▸ **WHAT IS EXPECTED**
Please give the records below back in full, exactly as shown.

┄┄┄┄┄┄┄┄┄┄┄┄┄┄┄┄┄┄┄┄

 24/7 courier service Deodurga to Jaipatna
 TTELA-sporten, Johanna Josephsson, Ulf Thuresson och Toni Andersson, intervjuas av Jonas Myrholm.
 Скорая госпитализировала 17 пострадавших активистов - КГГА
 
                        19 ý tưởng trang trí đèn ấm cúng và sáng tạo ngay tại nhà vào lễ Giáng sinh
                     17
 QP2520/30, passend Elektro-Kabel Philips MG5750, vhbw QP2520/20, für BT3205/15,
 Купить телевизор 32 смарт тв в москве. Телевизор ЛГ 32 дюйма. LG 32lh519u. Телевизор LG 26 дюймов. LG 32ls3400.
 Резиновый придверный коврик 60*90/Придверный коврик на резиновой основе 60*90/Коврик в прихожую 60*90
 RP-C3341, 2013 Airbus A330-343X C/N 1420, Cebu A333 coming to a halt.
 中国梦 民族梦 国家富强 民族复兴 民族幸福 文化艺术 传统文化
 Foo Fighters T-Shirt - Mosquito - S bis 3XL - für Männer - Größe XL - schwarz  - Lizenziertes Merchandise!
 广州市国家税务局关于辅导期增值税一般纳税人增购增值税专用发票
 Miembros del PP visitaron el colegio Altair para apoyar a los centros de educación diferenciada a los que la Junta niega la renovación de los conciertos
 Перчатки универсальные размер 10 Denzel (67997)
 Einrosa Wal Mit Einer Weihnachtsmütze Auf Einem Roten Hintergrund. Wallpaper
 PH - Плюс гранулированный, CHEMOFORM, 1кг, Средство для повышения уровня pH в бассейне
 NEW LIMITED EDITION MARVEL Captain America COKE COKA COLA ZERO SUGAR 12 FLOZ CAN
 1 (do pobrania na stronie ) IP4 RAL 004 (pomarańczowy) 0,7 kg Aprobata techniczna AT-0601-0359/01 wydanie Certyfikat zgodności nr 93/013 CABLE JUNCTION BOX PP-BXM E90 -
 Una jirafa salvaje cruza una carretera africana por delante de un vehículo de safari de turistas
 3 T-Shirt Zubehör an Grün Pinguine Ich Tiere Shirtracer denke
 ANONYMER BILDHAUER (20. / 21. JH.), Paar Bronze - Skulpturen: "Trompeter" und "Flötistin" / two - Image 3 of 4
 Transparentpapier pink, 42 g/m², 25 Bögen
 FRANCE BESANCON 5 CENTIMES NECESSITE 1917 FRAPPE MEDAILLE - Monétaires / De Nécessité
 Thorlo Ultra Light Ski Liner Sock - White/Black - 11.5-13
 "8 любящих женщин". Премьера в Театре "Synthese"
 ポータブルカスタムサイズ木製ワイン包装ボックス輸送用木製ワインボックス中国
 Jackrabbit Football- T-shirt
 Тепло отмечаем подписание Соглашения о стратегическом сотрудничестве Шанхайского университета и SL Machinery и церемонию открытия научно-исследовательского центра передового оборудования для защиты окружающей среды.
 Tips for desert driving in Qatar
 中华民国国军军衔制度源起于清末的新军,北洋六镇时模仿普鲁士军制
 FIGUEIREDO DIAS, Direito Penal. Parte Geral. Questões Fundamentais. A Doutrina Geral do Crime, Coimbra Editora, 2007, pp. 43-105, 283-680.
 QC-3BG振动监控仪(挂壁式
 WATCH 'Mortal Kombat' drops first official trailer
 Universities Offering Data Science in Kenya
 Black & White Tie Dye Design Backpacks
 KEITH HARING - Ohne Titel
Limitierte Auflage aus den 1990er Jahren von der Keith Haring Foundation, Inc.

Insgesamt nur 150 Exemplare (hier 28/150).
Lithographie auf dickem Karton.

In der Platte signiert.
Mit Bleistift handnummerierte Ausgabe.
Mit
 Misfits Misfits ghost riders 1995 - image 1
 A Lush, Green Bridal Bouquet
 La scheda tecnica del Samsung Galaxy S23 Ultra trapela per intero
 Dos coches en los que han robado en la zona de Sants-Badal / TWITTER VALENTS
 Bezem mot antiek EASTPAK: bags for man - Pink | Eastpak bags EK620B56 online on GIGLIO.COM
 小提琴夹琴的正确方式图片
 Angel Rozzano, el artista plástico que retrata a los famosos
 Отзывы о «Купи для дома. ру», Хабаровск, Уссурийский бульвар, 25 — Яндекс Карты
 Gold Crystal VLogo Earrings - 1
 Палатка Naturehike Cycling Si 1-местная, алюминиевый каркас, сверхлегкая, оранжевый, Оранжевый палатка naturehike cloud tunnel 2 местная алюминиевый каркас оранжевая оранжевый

┄┄┄┄┄┄┄┄┄┄┄┄┄┄┄┄┄┄┄┄

▸ **EXERCISE OUTPUT**
 24/7 courier service Deodurga to Jaipatna
 TTELA-sporten, Johanna Josephsson, Ulf Thuresson och Toni Andersson, intervjuas av Jonas Myrholm.
 Скорая госпитализировала 17 пострадавших активистов - КГГА
 
                        19 ý tưởng trang trí đèn ấm cúng và sáng tạo ngay tại nhà vào lễ Giáng sinh
                     17
 QP2520/30, passend Elektro-Kabel Philips MG5750, vhbw QP2520/20, für BT3205/15,
 Купить телевизор 32 смарт тв в москве. Телевизор ЛГ 32 дюйма. LG 32lh519u. Телевизор LG 26 дюймов. LG 32ls3400.
 Резиновый придверный коврик 60*90/Придверный коврик на резиновой основе 60*90/Коврик в прихожую 60*90
 RP-C3341, 2013 Airbus A330-343X C/N 1420, Cebu A333 coming to a halt.
 中国梦 民族梦 国家富强 民族复兴 民族幸福 文化艺术 传统文化
 Foo Fighters T-Shirt - Mosquito - S bis 3XL - für Männer - Größe XL - schwarz  - Lizenziertes Merchandise!
 广州市国家税务局关于辅导期增值税一般纳税人增购增值税专用发票
 Miembros del PP visitaron el colegio Altair para apoyar a los centros de educación diferenciada a los que la Junta niega la renovación de los conciertos
 Перчатки универсальные размер 10 Denzel (67997)
 Einrosa Wal Mit Einer Weihnachtsmütze Auf Einem Roten Hintergrund. Wallpaper
 PH - Плюс гранулированный, CHEMOFORM, 1кг, Средство для повышения уровня pH в бассейне
 NEW LIMITED EDITION MARVEL Captain America COKE COKA COLA ZERO SUGAR 12 FLOZ CAN
 1 (do pobrania na stronie ) IP4 RAL 004 (pomarańczowy) 0,7 kg Aprobata techniczna AT-0601-0359/01 wydanie Certyfikat zgodności nr 93/013 CABLE JUNCTION BOX PP-BXM E90 -
 Una jirafa salvaje cruza una carretera africana por delante de un vehículo de safari de turistas
 3 T-Shirt Zubehör an Grün Pinguine Ich Tiere Shirtracer denke
 ANONYMER BILDHAUER (20. / 21. JH.), Paar Bronze - Skulpturen: "Trompeter" und "Flötistin" / two - Image 3 of 4
 Transparentpapier pink, 42 g/m², 25 Bögen
 FRANCE BESANCON 5 CENTIMES NECESSITE 1917 FRAPPE MEDAILLE - Monétaires / De Nécessité
 Thorlo Ultra Light Ski Liner Sock - White/Black - 11.5-13
 "8 любящих женщин". Премьера в Театре "Synthese"
 ポータブルカスタムサイズ木製ワイン包装ボックス輸送用木製ワインボックス中国
 Jackrabbit Football- T-shirt
 Тепло отмечаем подписание Соглашения о стратегическом сотрудничестве Шанхайского университета и SL Machinery и церемонию открытия научно-исследовательского центра передового оборудования для защиты окружающей среды.
 Tips for desert driving in Qatar
 中华民国国军军衔制度源起于清末的新军,北洋六镇时模仿普鲁士军制
 FIGUEIREDO DIAS, Direito Penal. Parte Geral. Questões Fundamentais. A Doutrina Geral do Crime, Coimbra Editora, 2007, pp. 43-105, 283-680.
 QC-3BG振动监控仪(挂壁式
 WATCH 'Mortal Kombat' drops first official trailer
 Universities Offering Data Science in Kenya
 Black & White Tie Dye Design Backpacks
 KEITH HARING - Ohne Titel
Limitierte Auflage aus den 1990er Jahren von der Keith Haring Foundation, Inc.

Insgesamt nur 150 Exemplare (hier 28/150).
Lithographie auf dickem Karton.

In der Platte signiert.
Mit Bleistift handnummerierte Ausgabe.
Mit
 Misfits Misfits ghost riders 1995 - image 1
 A Lush, Green Bridal Bouquet
 La scheda tecnica del Samsung Galaxy S23 Ultra trapela per intero
 Dos coches en los que han robado en la zona de Sants-Badal / TWITTER VALENTS
 Bezem mot antiek EASTPAK: bags for man - Pink | Eastpak bags EK620B56 online on GIGLIO.COM
 小提琴夹琴的正确方式图片
 Angel Rozzano, el artista plástico que retrata a los famosos
 Отзывы о «Купи для дома. ру», Хабаровск, Уссурийский бульвар, 25 — Яндекс Карты
 Gold Crystal VLogo Earrings - 1
 Палатка Naturehike Cycling Si 1-местная, алюминиевый каркас, сверхлегкая, оранжевый, Оранжевый палатка naturehike cloud tunnel 2 местная алюминиевый каркас оранжевая оранжевый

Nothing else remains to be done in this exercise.